Given the steadying effects of regularity, rhythm, and repetition, monastic teachers have tried to persuade their students to develop and follow rules of life adapted for non-monastics, including a schedule of prayer and work and service to others. Keeping a rule outside of monastic communities is not that straightforward, however, especially when discipline is dependent on the will of individuals with little social structural support. Importantly, keeping a rule implies that a dedication to practice and service is more important than emotion. In an American context in which self-expression and sentiment are primary cultural modes (Hall and Lindholm 1999; Bellah et al. 1985), committing to a scheduled rhythm regardless of how one feels was a steep learning curve for non-monastics, and indeed, my research found that many struggled to follow through in the long term (Pryce 2018, pp. 52–53). We can see the predicament in the words of a man who had been trying to establish his life as a non-monastic contemplative. At a lay retreat in an American Midwestern Benedictine monastery, he said in despair, “I am not up to this. This spiritual work demands more of me than I can do. I just can’t do it” (Bauman 2013). Roger, a man from the American Southwest, gave me a similar story: “I’ve been trying to keep a contemplative life for years. I really feel called to it! I keep tinkering, trying to get it right. But sometimes I find I just can’t keep at it when everyone else around me is zoning out on their phones or whatever. It’s so hard when you’re the only one.” Yet those who persisted learned that a disciplined (but realistic) schedule of practice was more dependable in helping one keep ideals than was a desire for emotional equilibrium or a euphoric sense of connectedness to the divine, which teachers believed could manifest as an unmitigated self-centered drive for spiritual experiences and status.

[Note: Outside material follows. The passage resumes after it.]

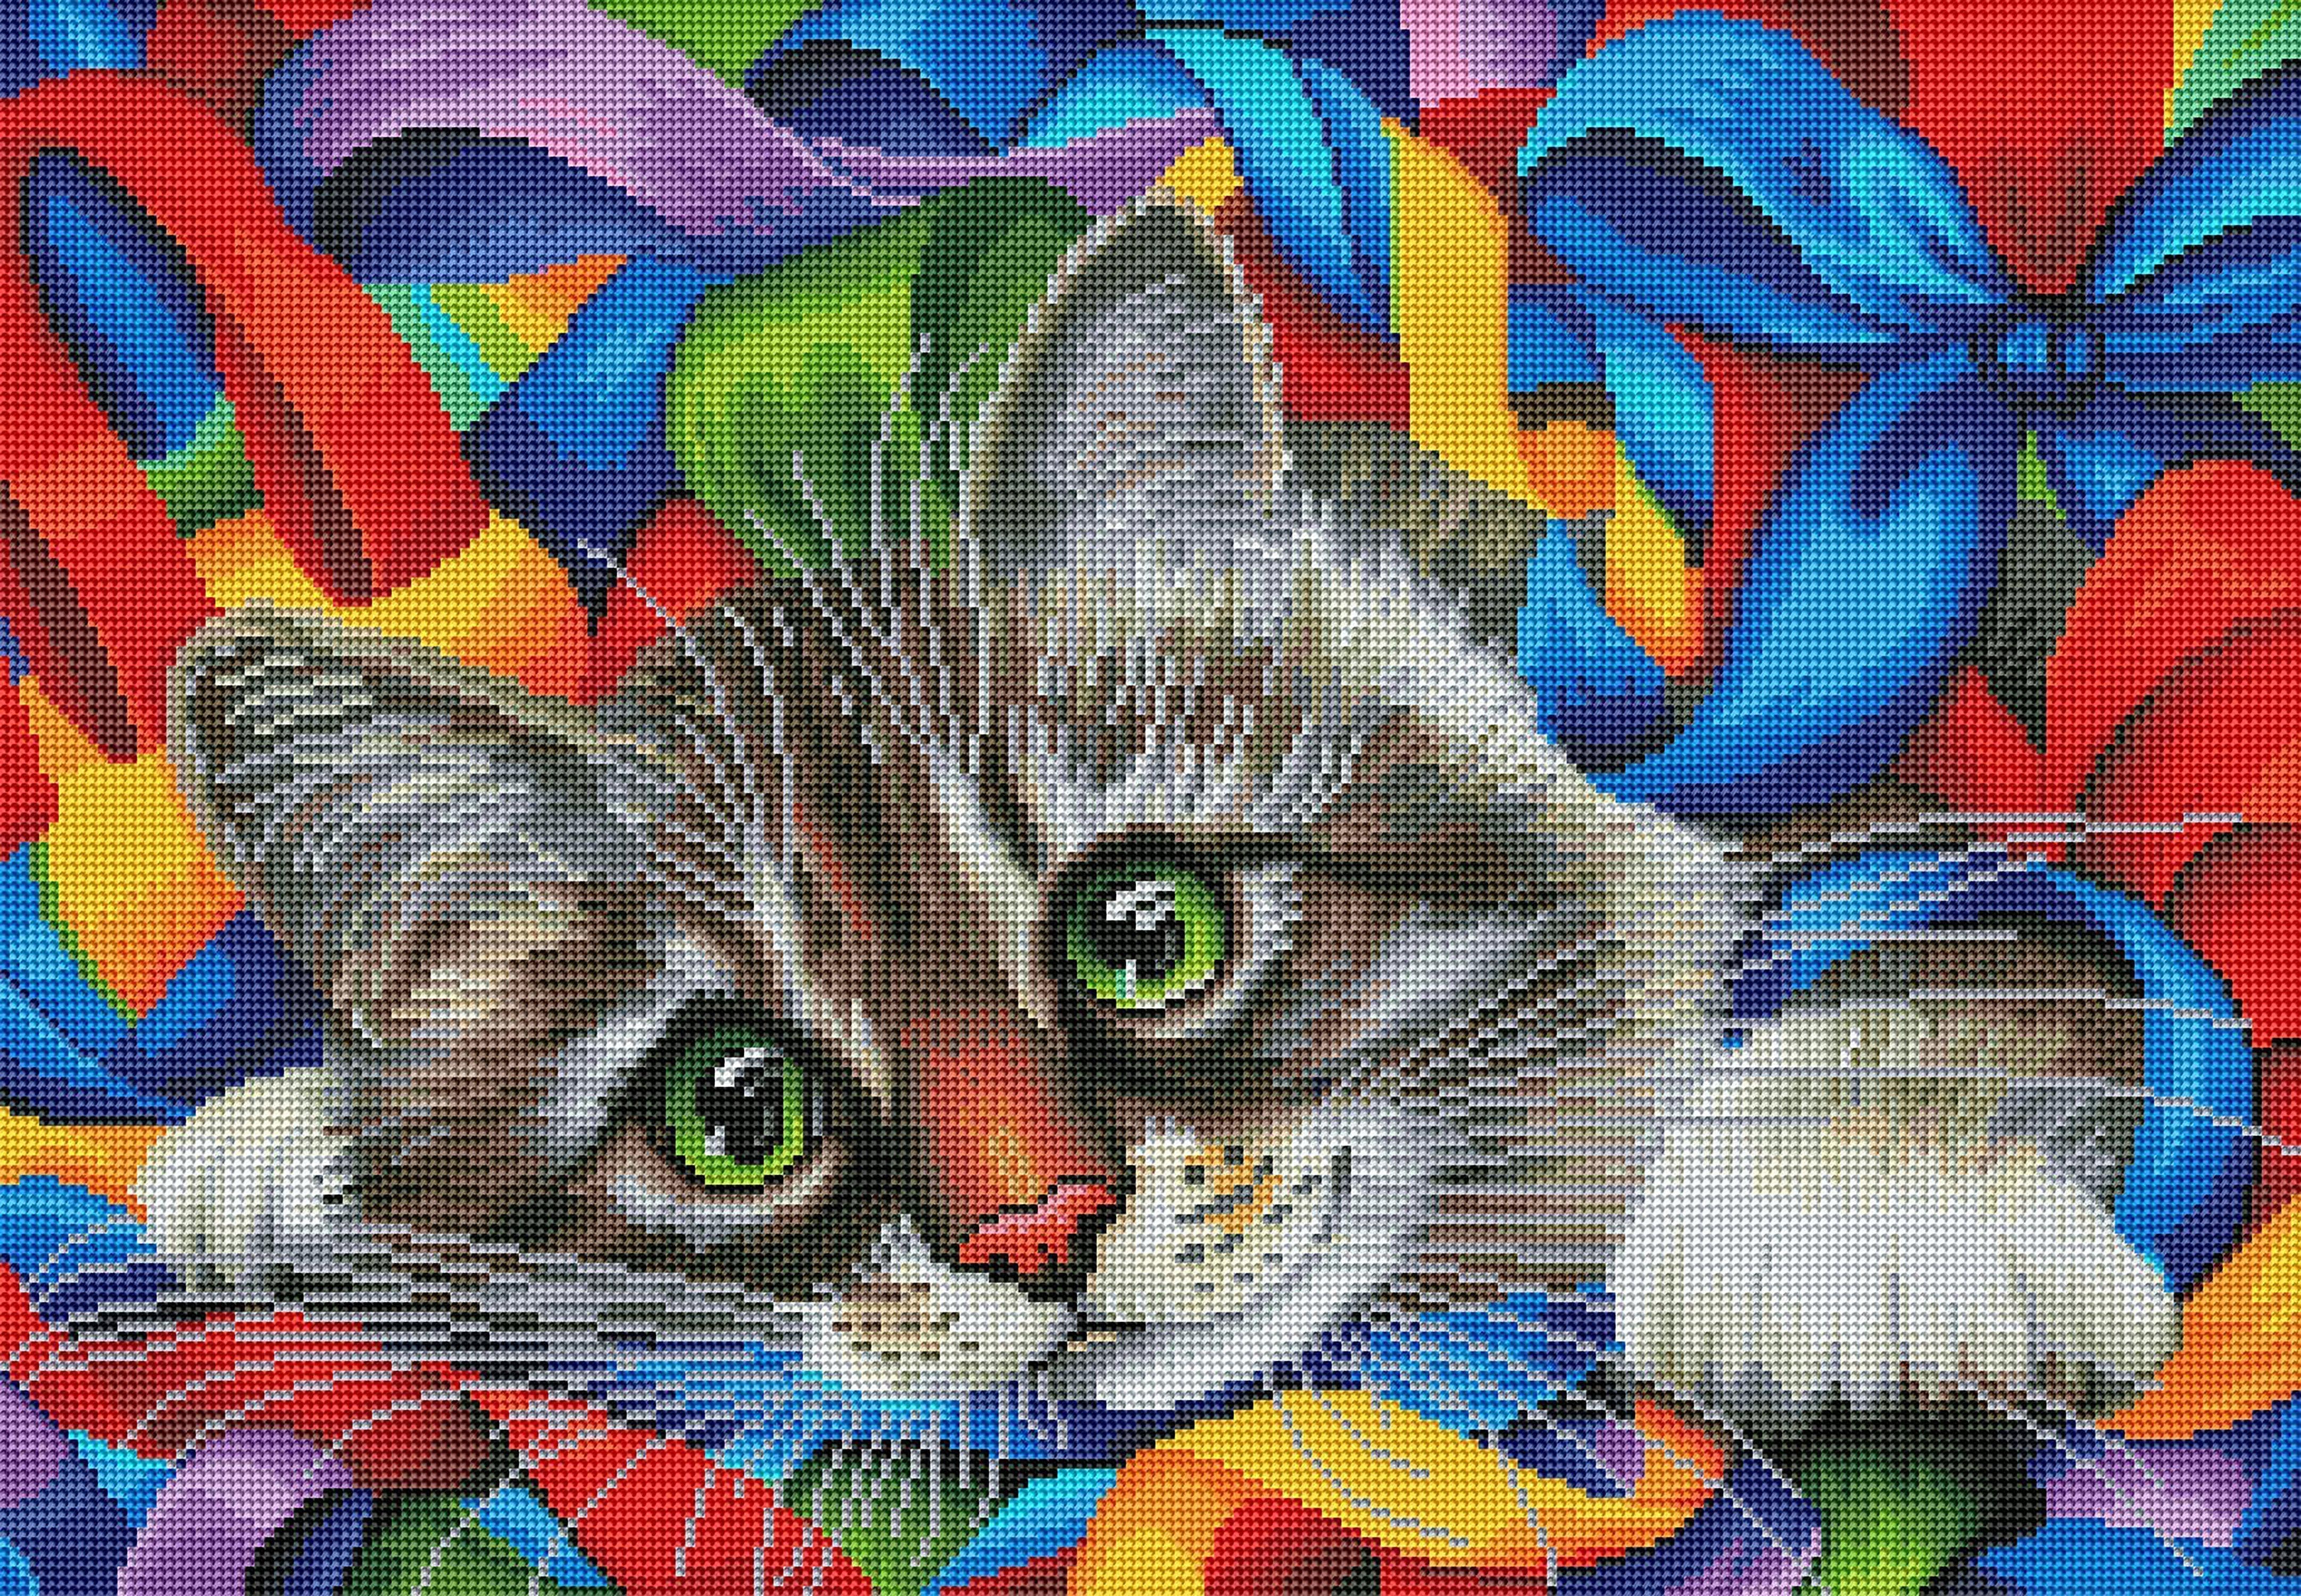 Cat with the Rainbow From Crafting Spark - Diamond Painting - Kits

Let us return to the Society of Saint John the Evangelist for an illustration of monastic efforts to stabilize lay people through teachings on rules of life. The SSJE community has published a number of print and online resources that assist their non-monastic adherents in creating personal rules of life that are idealistic yet pragmatic enough to be realizable.7 Their booklet Living Intentionally explains that, rather than being a restrictive list of uncompromising dictates, “rule” in the monastic context comes from the Latin regula, a word that suggests “a way of regularizing our lives so that we can stay on the path we have set out for ourselves. A rule is like a trellis which offers support and guidance for a plant, helping it to grown in a certain direction.” The monks taught that the central purpose of a rule was “to live our lives for God with purpose and intention.” It could be prescriptive, outlining daily practices and social responsibilities, and could also describe and identify the foundational principles and philosophies that underlie one’s desire to live an intentional life. Particularly for those attempting to follow a contemplative life without the everyday support of a monastic community, SSJE members “strongly recommend [keeping a rule] simple, … realistic and achievable … Like any spiritual discipline, adopting a rule should help one to live more faithfully” rather than make life more difficult (SSJE n.d.a, emphasis in original).

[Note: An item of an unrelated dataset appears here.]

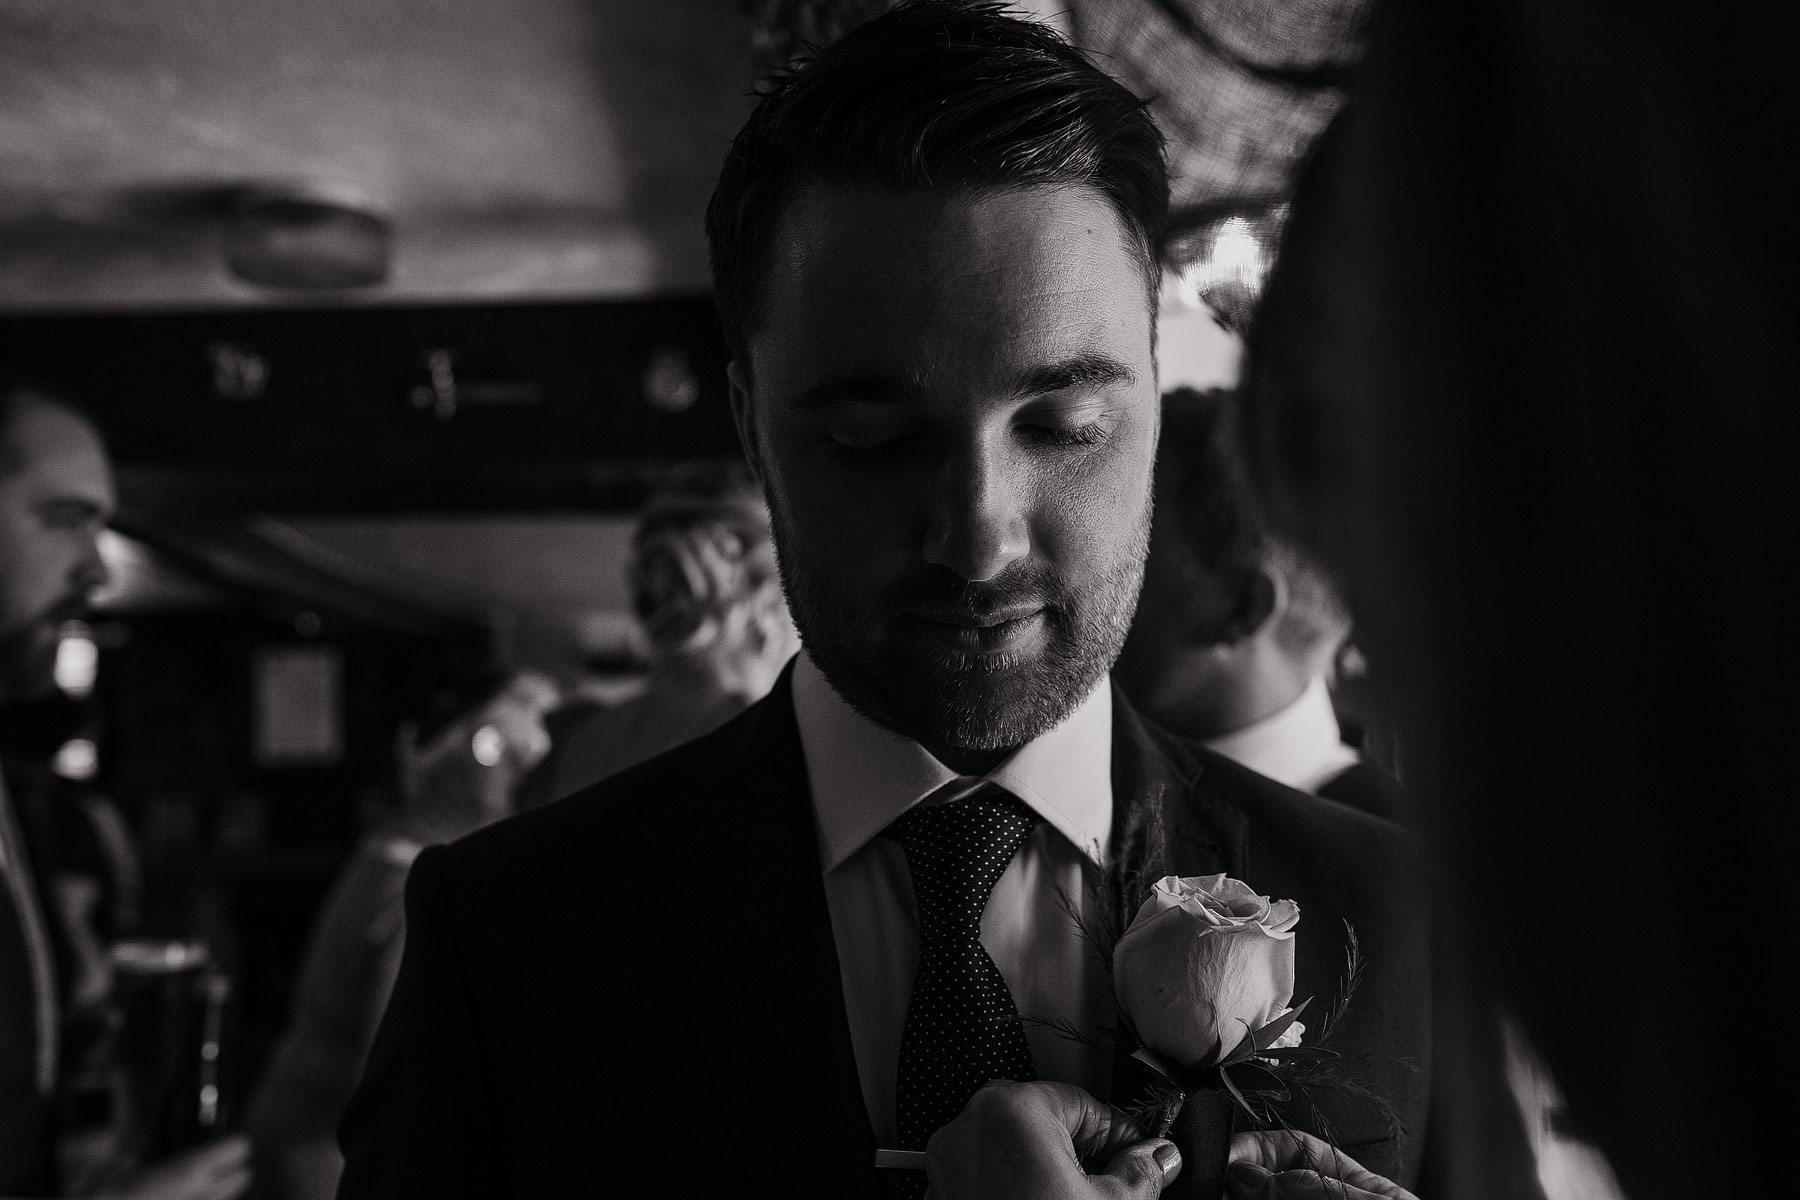 balck and white photograph of a groom havig his flower pinned to his jacket

An example of a lay person who chose to adopt a disciplined schedule of practice, a man named Andrew told me how monastic methods had become a tool to reinforce his intentions. Having learned some practical strategies from monastic teachers over the fifteen years he had been practicing Centering Prayer and other contemplative techniques, Andrew said during a period of instability when his marriage had broken up and he had moved far from family and friends for a new job, “For the aspects of my contemplative life that aren’t going the way I want them to, I know the answer is to put them on my schedule and follow through with them. Not in an unbending way, but in a ‘this is what I want and I’m going to give myself these gifts’ way.” Andrew’s perspective was that monastic-style discipline had bolstered his voluntary choice to follow a contemplative lifestyle.
Perhaps paradoxically, monastic guidance on discipline through rhythm and repetition of work, prayer, and service offered non-monastic contemplatives a route to the creative ambiguity they so deeply craved. Ritualized forms, like Centering Prayer and intentional work, can provide a subjunctive framework that helps practitioners negotiate the indeterminate realities of both pluralized societies and an unknowable God. Seligman and Weller (2012, p. 93) described ritualized structures as “a unique human resource for dealing with ambiguity and the multivocal nature of all relationships—with beings human and divine.” They added that ritual “presents a coherent and embracing way to live in a plural and hence also deeply ambiguous universe, one where order can never really be known, but still must be acted upon.” In contrast to a dependence on the hard-edged belief and ephemeral emotion found in some manifestations of Christianity, regularized rites and a ritualization of everyday life provide a structure in which contemplatives can learn to address the uncertainty that particularly abounds in the shifting diversity of the contemporary world.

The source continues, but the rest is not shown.